The cast of early modern Spanish writers.

Teresa de Cartagena (Burgos, c.1425–?) was a Spanish writer, mystic and nun who is considered to be the first Spanish female writer and mystic. She became deaf between 1453 and 1459. Her experience of deafness influenced her two known works Arboleda de los enfermos (Grove of the Infirm) and Admiraçión operum Dey (Wonder at the Works of God). The latter work represents what many critics consider as the first feminist tract written by a Spanish woman.

Saint Teresa of Ávila (1515–82), was one of the great mystics and is a patron saint of Spain. She was the foundress of the reformed, or Discalced, Carmelites. She was born in Avila, in Castile, into an aristocratic family, and in her childhood showed a strong religious bent. Her decision to become a nun was inspired by reading the letters of S. Jerome when recovering from an illness, and after gaining her father's unwilling consent she entered the Carmelite convent of the Incarnation in 1535. From 1536 to 1539 she lived at home during an illness, but then returned to the cloister. Her convent was of the relaxed discipline, and she began to practise mental prayer. In 1555 she experienced an inner conversion which profoundly changed her spiritual life.

María de Jesús de Ágreda (1602 – 1665), was a Franciscan abbess and spiritual writer, known especially for her extensive correspondence with King Philip IV of Spain and reports of her bilocation between Spain and New Mexico.
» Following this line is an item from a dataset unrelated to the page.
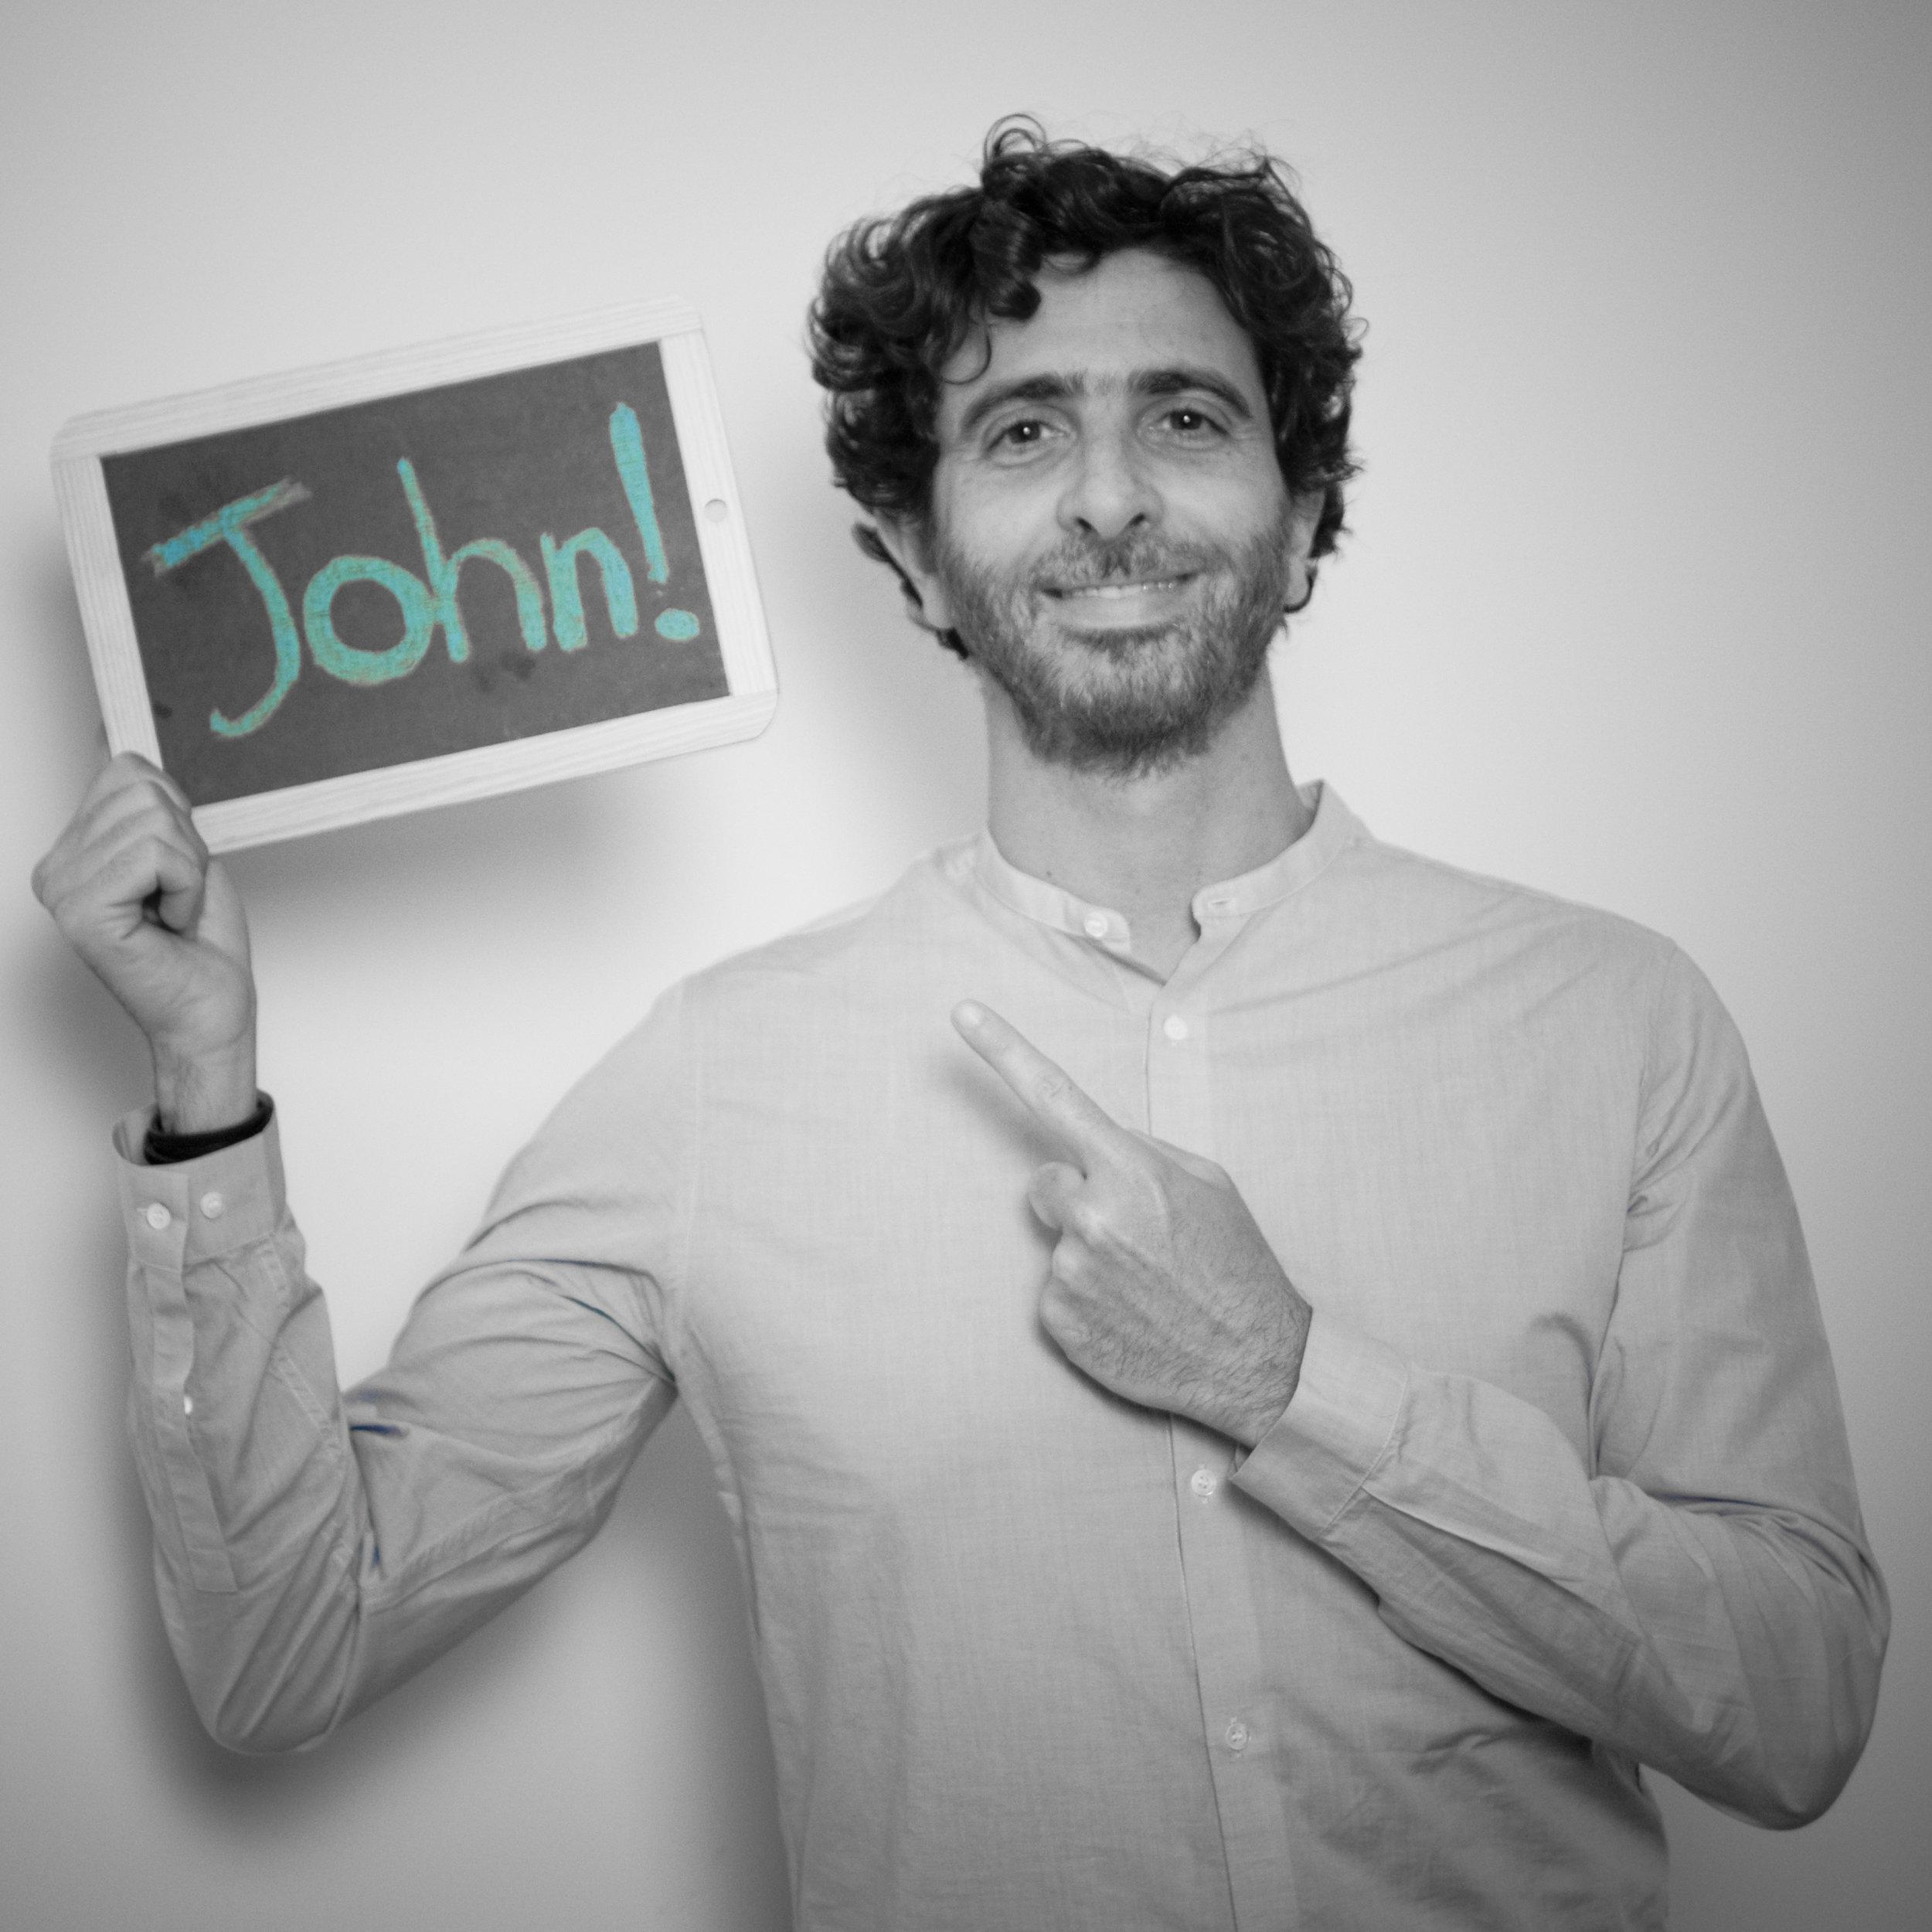 """Jonathan azuelos - Auditeur / Improvisateur10 ans en tant que manager en paie et ADP, en cabinet d'expertise comptable, auditeur chez EY & comédienAmoureux des joutes verbales, j'ai découvert le théâtre il y a 20 ans par l'improvisation théâtrale. En 2010, je gagne un concours et c'est le déclic. Je participe en 2011 aux 24 heures de l'impro en équipe à l'INSAE Lyon et arrive 2ème. Je rejoins ensuite la troupe Hors-Je avec Blue et Livia où nous pratiquons également beaucoup l'improvisation.J'ai travaillé 11 ans en cabinet d'expertise comptable et ai quitté mon poste de payroll manager pour poursuivre mon expérience professionnelle chez Ernst & Young en tant que consultant senior Expert.Au cours de ma vie professionnelle, j'ai constaté qu'il y a de nombreux leviers d'amélioration des relations humaines en entreprise. La communication, la prise de parole des managers et des collaborateurs sont parfois laissées de côté et suscitent du stress et de l'inconfort alors que cela peut être une véritable force et surtout un plaisir!"""" Je me suis rendu compte qu'avec des mots, une manière de dire les choses, en utilisant des techniques théâtrales, on pouvait substantiellement améliorer les rapports humains au sein des équipes en entreprise. """""""

She was a noted mystic of her era. A member of the Order of the Immaculate Conception, also known as Conceptionists, Mary of Jesus wrote 14 books, including a series of revelations about the life of the Blessed Virgin Mary. Her bilocation activity is said to have occurred between her cloistered monastery in rural Spain and the Jumano Indians of central New Mexico and West Texas, as well as Tucson, and inspired many Franciscan missionaries in the New World. In popular culture since the 17th century, she has been dubbed the Lady in Blue and the Blue Nun, after the color of her order's habit.

Ursula de Jesús (1604–1668) was a Roman Catholic mystic of African descent in 17-century Peru. She was born in Lima, Peru, and was the legitimate daughter of Juan Castilla and Isabel de los Rios. Isabel de los Rios was a slave, leaving Ursula to inherit her mother's status. Ursula de Jesus was an African Peruvian who rose out of slavery to become a donada (religious servant) in the Roman Catholic Church. She lived under her mother's owner, Gerónima de los Rios, until she was roughly eight years old. The daughter of slaves, her first experience with mysticism was when she became the property of Luisa de Melgarejo Sotomayor, a mystic and beata, lay pious woman, in Lima.